Excluding pictures, what does the listing below contain from the line with "CCS Lounge Mesh Shirt - Black image 3" up to and including the line with "Buy Men's Black", word for word?

=== Exercise inputs ===
────

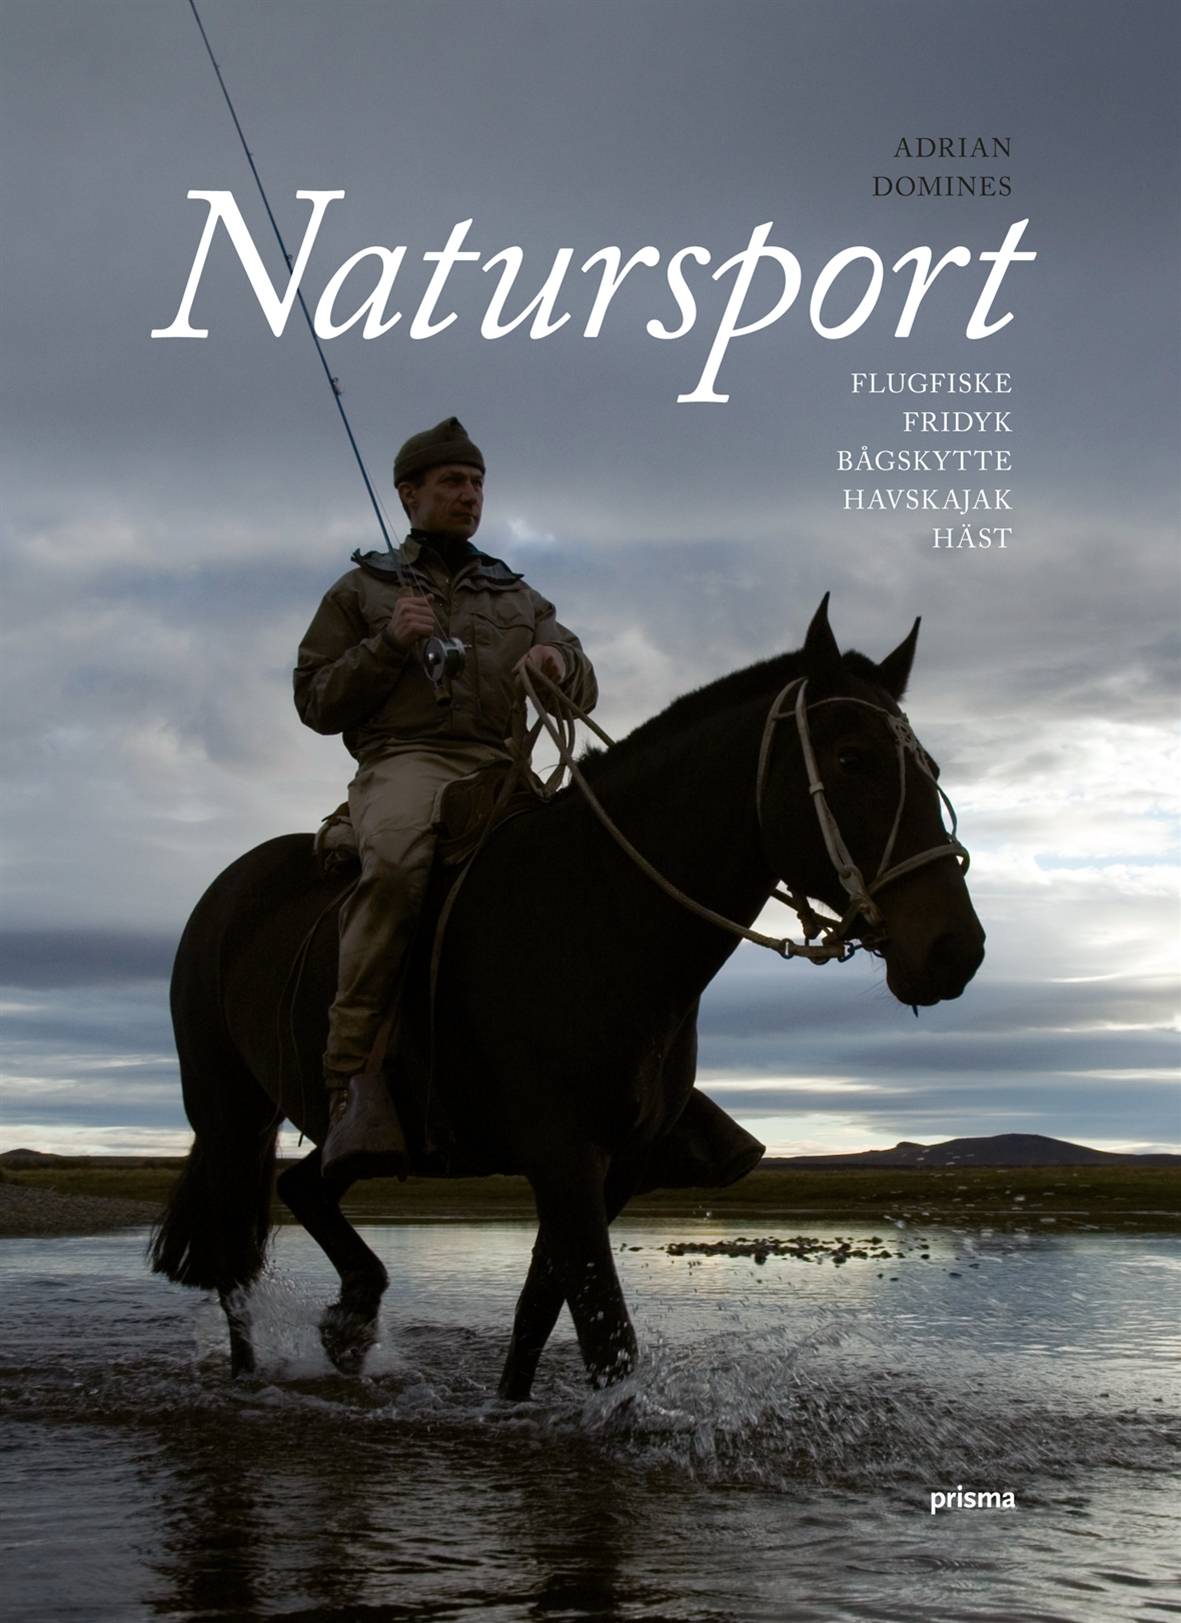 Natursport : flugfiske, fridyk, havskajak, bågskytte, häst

────

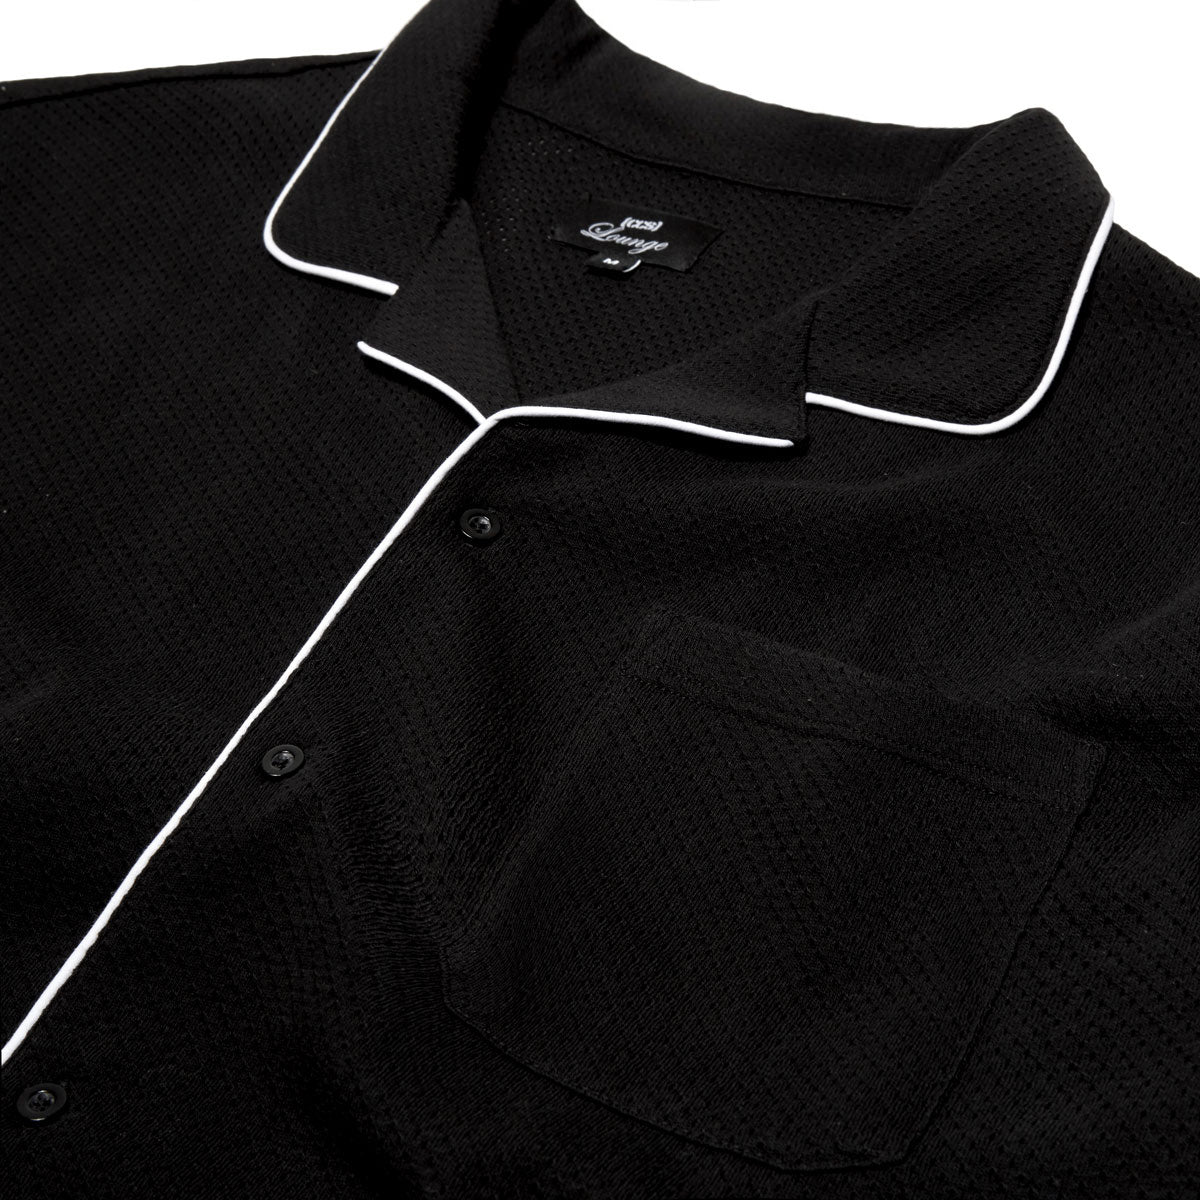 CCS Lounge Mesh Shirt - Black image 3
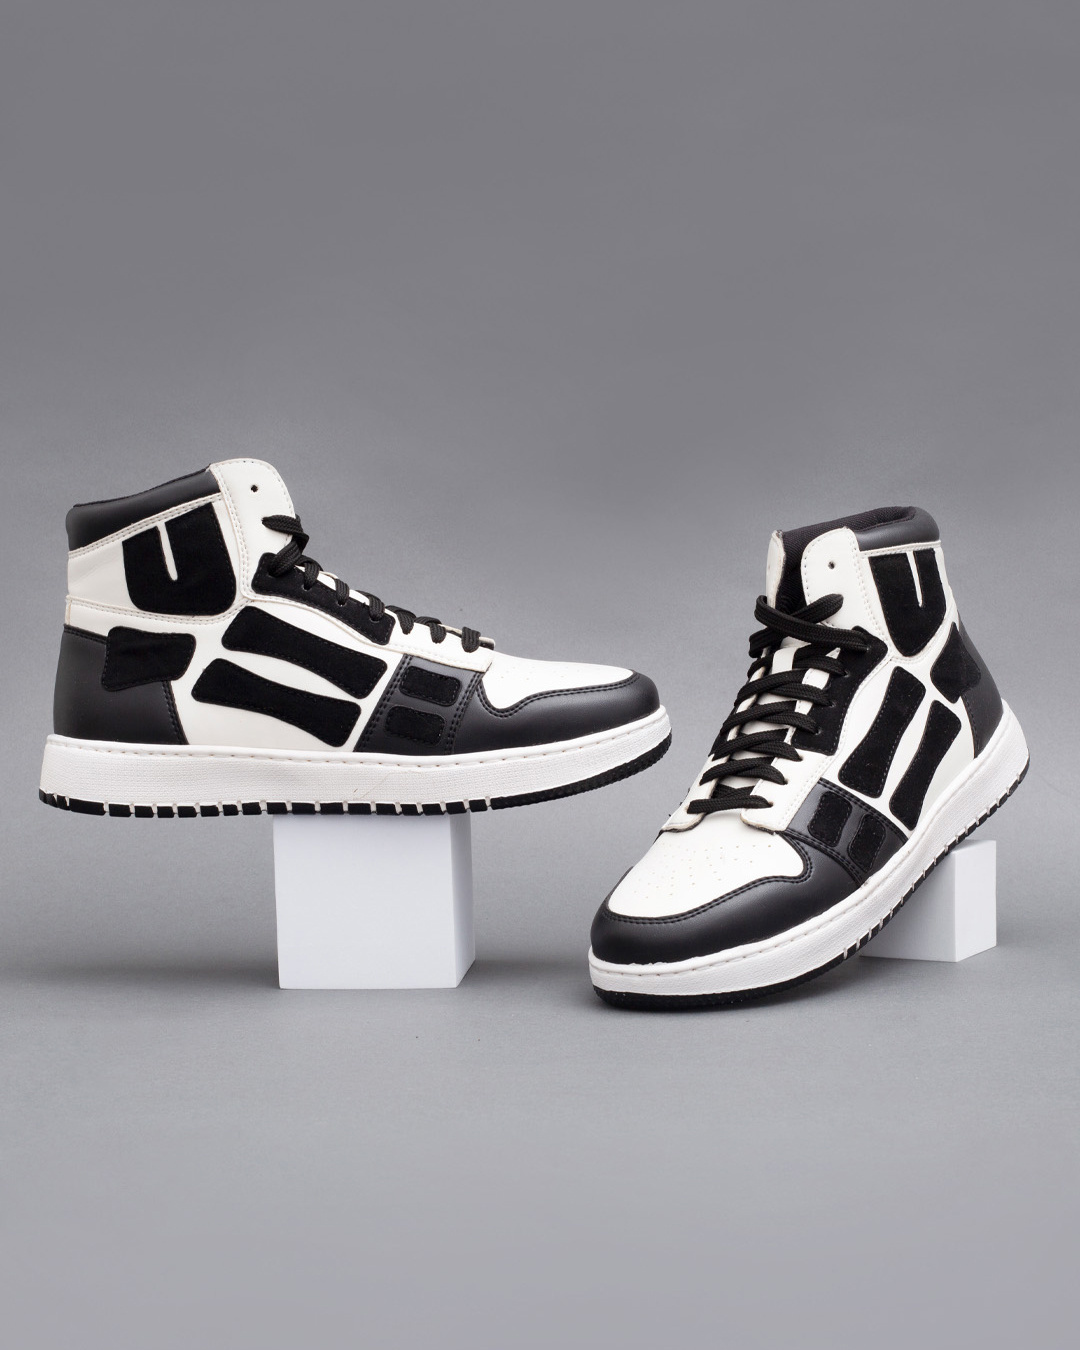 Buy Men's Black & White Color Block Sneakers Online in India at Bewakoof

────

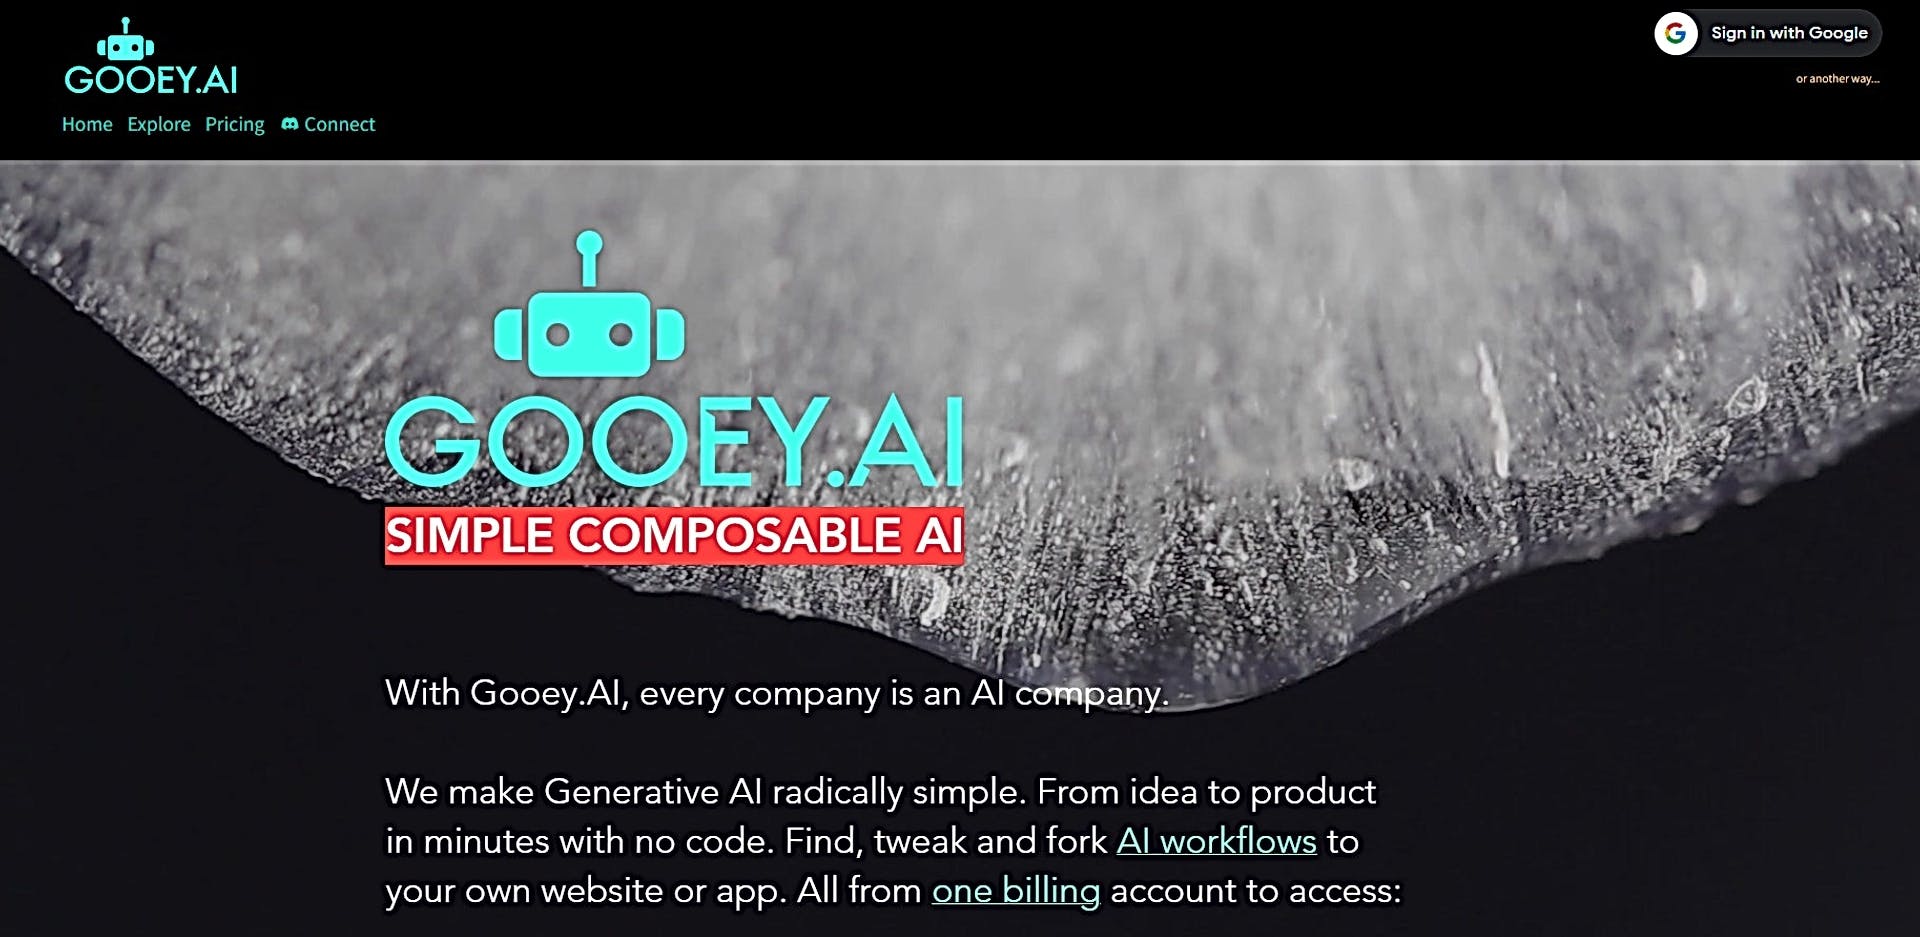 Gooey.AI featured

────

=== Answer space ===
 CCS Lounge Mesh Shirt - Black image 3
 Buy Men's Black & White Color Block Sneakers Online in India at Bewakoof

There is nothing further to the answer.